Škop, V. et al. Cell Rep. 31, 107501 (2020)

A comfortable temperature to humans runs a bit cooler than the average mouse may prefer. Mice housed in ‘chilly’ vivariums—typically 20 °C to 22 °C—can spend considerable energy maintaining their core body temperature—a third to a half of what they eat will go to cold-induced thermogenesis, a process in which brown fat in the body generates heat.

Night & day: the thermoneutral point for lab mice depends on whether they are in their active or resting phase. Credit: Marina Spence / Springer Nature

“Humans just don’t do that,” says Marc Reitman, a researcher at the National Institute of Diabetes and Digestive and Kidney Diseases who studies obesity and diabetes. “We maintain a thermoneutral microenvironment. Between our thermostats and our clothes, this is just not something we deal with.” Rather, the human body more often needs to dissipate excess heat, rather than produce it.

Mice can’t directly control the thermostat, but raise the thermostat to 30 °C—the long-agreed upon thermoneutral temperature for mouse—and the animals’ metabolism will change. “You get some different physiology,” says Reitman. “Some drugs work at 30 °C and not at 22 °C, for example. You can end up with more obesity [at 30 °C]…. Then the question is, which is a better model: a mouse at 30 °C or a mouse at 22 °C?”

That’s a pressing question for metabolism-related research and drug development, given how complicated physiology can be and how expensive human clinical trials are to run. “If we could figure out how to use mice better, we could cut down the number of failed human trials because we would have a better predictive value from the mouse model,” says Reitman. “That’s the goal.”

Conventional wisdom says that at 30 °C, mice no longer experience cold-induced thermogenesis and thus should make better models of metabolism-related human conditions such as obesity and diabetes.
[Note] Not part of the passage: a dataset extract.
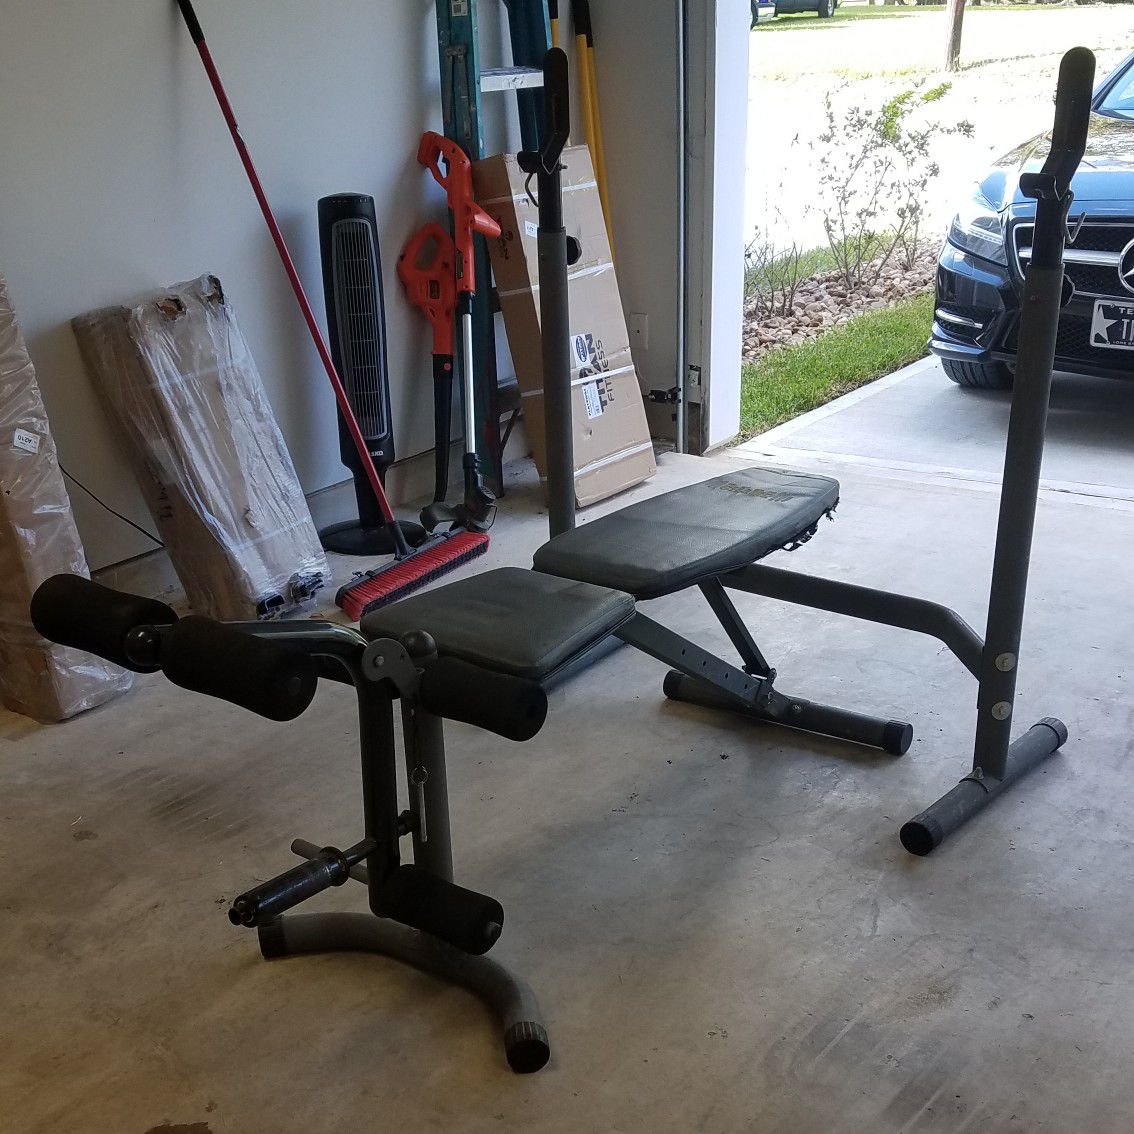 Free Weight Bench & Rack (Location in Description)

Many in the field have indeed been raising ambient temperatures in recent years, Reitman notes. But, the picture has been incomplete.

“People have really not studied the upper limit of thermoneutrality,” says Reitman. Instead, much of our understanding of mouse thermal biology has been extrapolated from human studies. That assumes a flat thermoneutral zone, over which metabolism is constant and no attention is paid to body temperature. That detail is of little concern for large mammals such as ourselves, but one that becomes a more important variable for one as small as a mouse.

Reitman’s latest work challenges that assumption of a thermoneutral zone for mice, with results even he and his team found surprising. They combined continuous mouse body temperature monitoring with continuous measurement of metabolic rate across several ambient temperatures below and above thermoneutral in four mouse strains with different thermal responses.

Rather than a thermoneutral zone spanning several degrees, the team found breakpoints—what Reitman and his coauthors termed thermoneutral points (TNPs). During the animals’ active phase while it is dark, total energy expenditure decreases with constant body temperature until about 33 °C; above this ambient temperature, body temperature rises. When it is light and the animals are in a resting phase, however, the TNP occurred 4 degrees lower, at 29 °C. These results suggest that ‘thermoneutral’ in mice varies by the time of day.

“Mouse thermal biology is fundamentally different from human,” says Reitman. “There is no magic solution.” 30 °C, however, might be a touch too warm, at least for resting mice, and could actually be activating the immune system slightly. “I would really suggest people not use 30 °C when they want to study a mouse at thermoneutrality,’ he says. Better instead to set thermal cabinets to ~28 °C and let the mice use the thermoregulatory mechanisms they have evolved, which are better at handling cooler rather than warmer temperatures.

Group housing mice and/or providing the animals with nesting material may change these numbers, as can using mouse strains with different thermal biology from wildtype, such as ob/ob mice. But overall, Reitman says researchers conducting metabolic work with mouse models should be mindful of ambient temperature, and of any prior assumptions about the best range for their animals and their research questions. “I would argue we have to redefine thermoneutrality and include consideration explicitly of body temperature,” he says.